Ehara Kiyomi vive e lavora a Tokyo. È specializzata nella didattica della lingua giapponese e tiene corsi di formazione per aspiranti insegnanti. In passato è stata una personalità televisiva e della radio presso la NHK. Sfruttando la sua esperienza nei media, da venticinque anni lavora nell’ambito della didattica. Attraverso scuole di lingua, aziende e lezioni individuali, lavora a contatto di studenti provenienti da più di trenta paesi. Per due anni ha insegnato giapponese in Cina, presso l’Università di Dalian.
Chiara Zennaro. Nata a Bologna nel 1996 ma cresciuta a Chioggia (VE). Nel 2014 inizia una laurea in Studi Cinematografici e Scienze della Comunicazione al King’s College London. Si trasferisce in Giappone nel 2019 per uno scambio all’università di Kyoto dove consegue la laurea nell’agosto 2020. Ora vive e lavora a Tokyo come aiuto regista (AD) per la TBS, una stazione televisiva giapponese. Cinefila con una passione per le lingue, per Kotodama si occupa della rubrica sul cinema giapponese Akushon!
Andrea Matafora è nato a Napoli nel 1996. Laureando in “Letterature e Culture Comparate” presso l’Università degli Studi di Napoli “L’Orientale”, nel 2022 è stato borsista di scambio presso la Keio University. I suoi interessi vertono sulla letteratura giapponese contemporanea e il rapporto con la metropoli. Si sta attualmente concentrando sulle forme di violenza presenti all’interno del bildungsroman Tokyo Soundtrack di Furukawa Hideo. Ha tradotto per Coppola Editore due raccolte di racconti di Kusuyama Masao, Demoni (2021) e Samurai (2021).
Chiara Rita Napolitano è nata a Caserta nel 1994. Ha conseguito la laurea triennale e magistrale in Lettere e Culture Comparate presso l’Università degli Studi di Napoli “L’Orientale”. Nel 2021, è entrata nel programma di dottorato dello stesso ateneo. Attualmente si trova a Kyoto per condurre una ricerca sul campo. I suoi interessi riguardano l’architettura giapponese tradizionale, i suoi simboli e le pratiche abitative.
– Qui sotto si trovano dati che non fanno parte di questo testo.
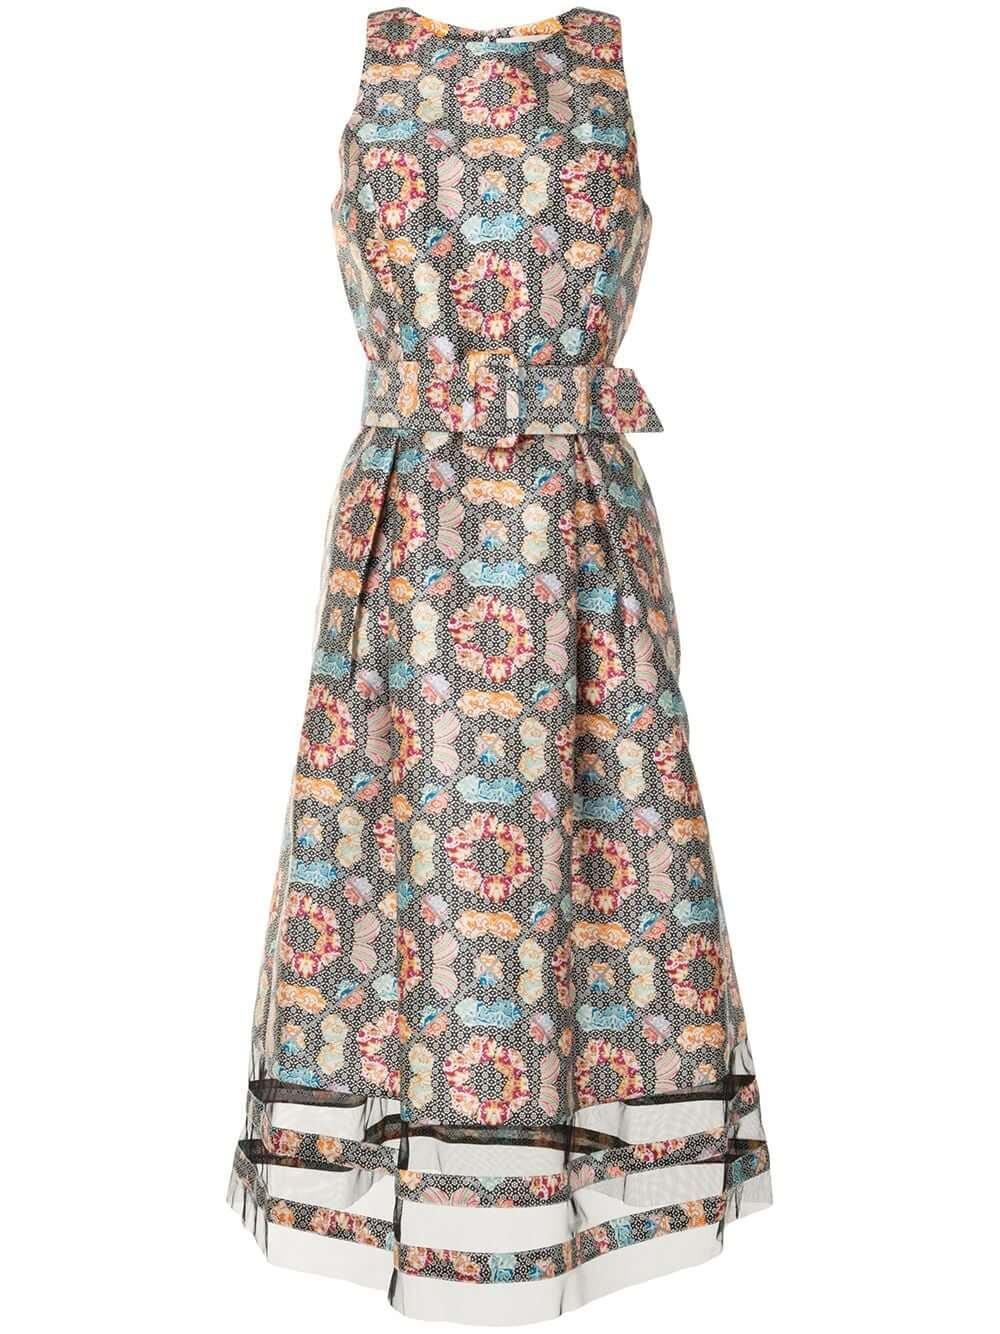 Rani Printed Dress
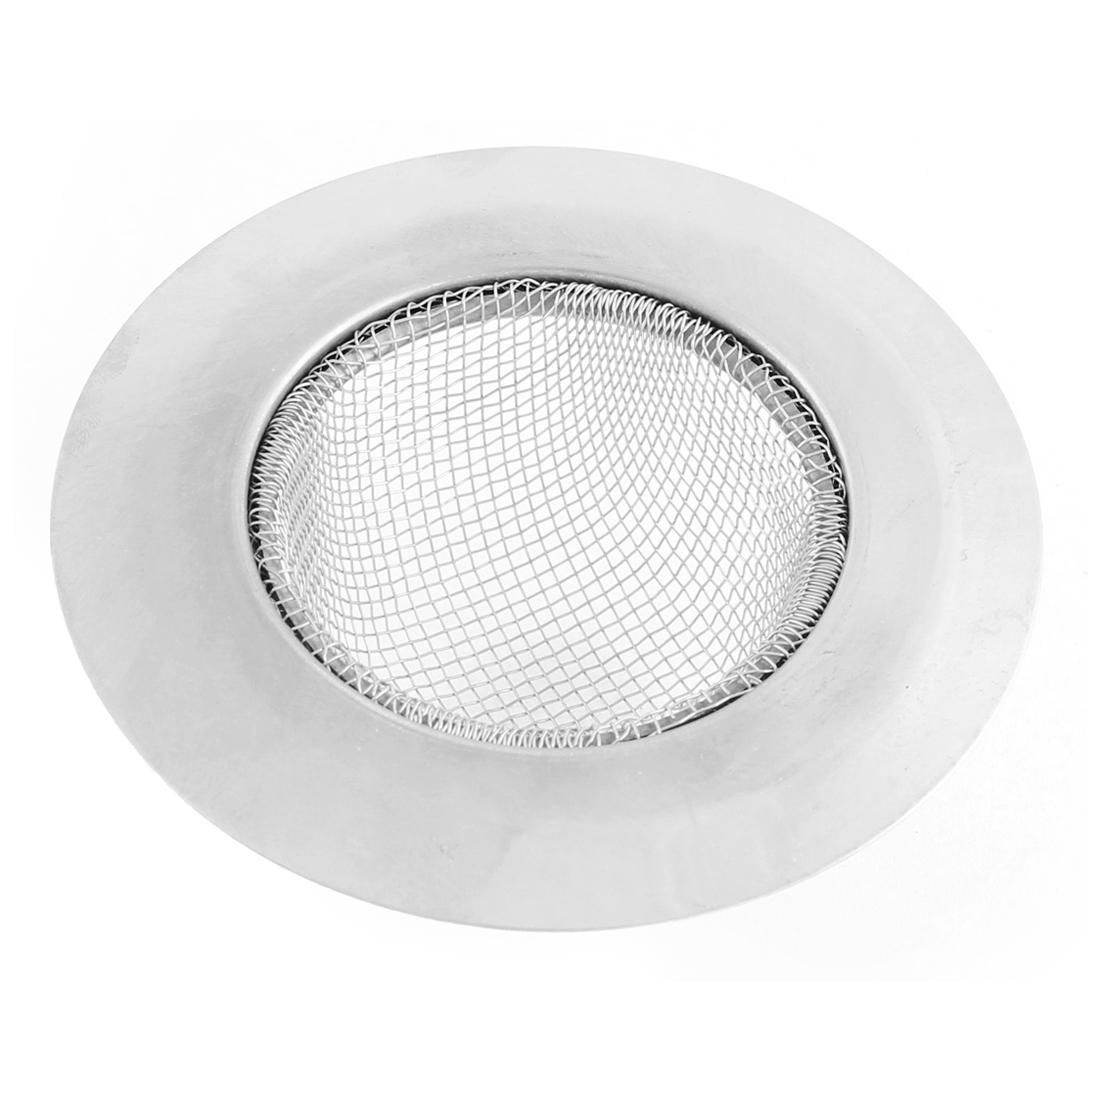 Kitchen Bathroom Metal Basin Sink Floor Mesh Drainer Strainer Filter Hair Stopper 90mm Dia

Kotodama è un’idea che nasce l’estate del 2020, da una conversazione tra Carmen Borrelli e Dafne Borracci.
In un contesto internazionale che vede il sapere assumere forme sempre più fluide, lo scopo della redazione è quello di incoraggiare, anche attraverso i social, lo scambio di discorsi tra persone impegnate in uno studio continuativo di lingua e letteratura giapponese.
Attraverso le rubriche cerchiamo di cogliere diverse sfaccettature della cultura giapponese, dagli aspetti più gradevoli a quelli più ambigui e problematici.
La pubblicazione è a cadenza trimestrale.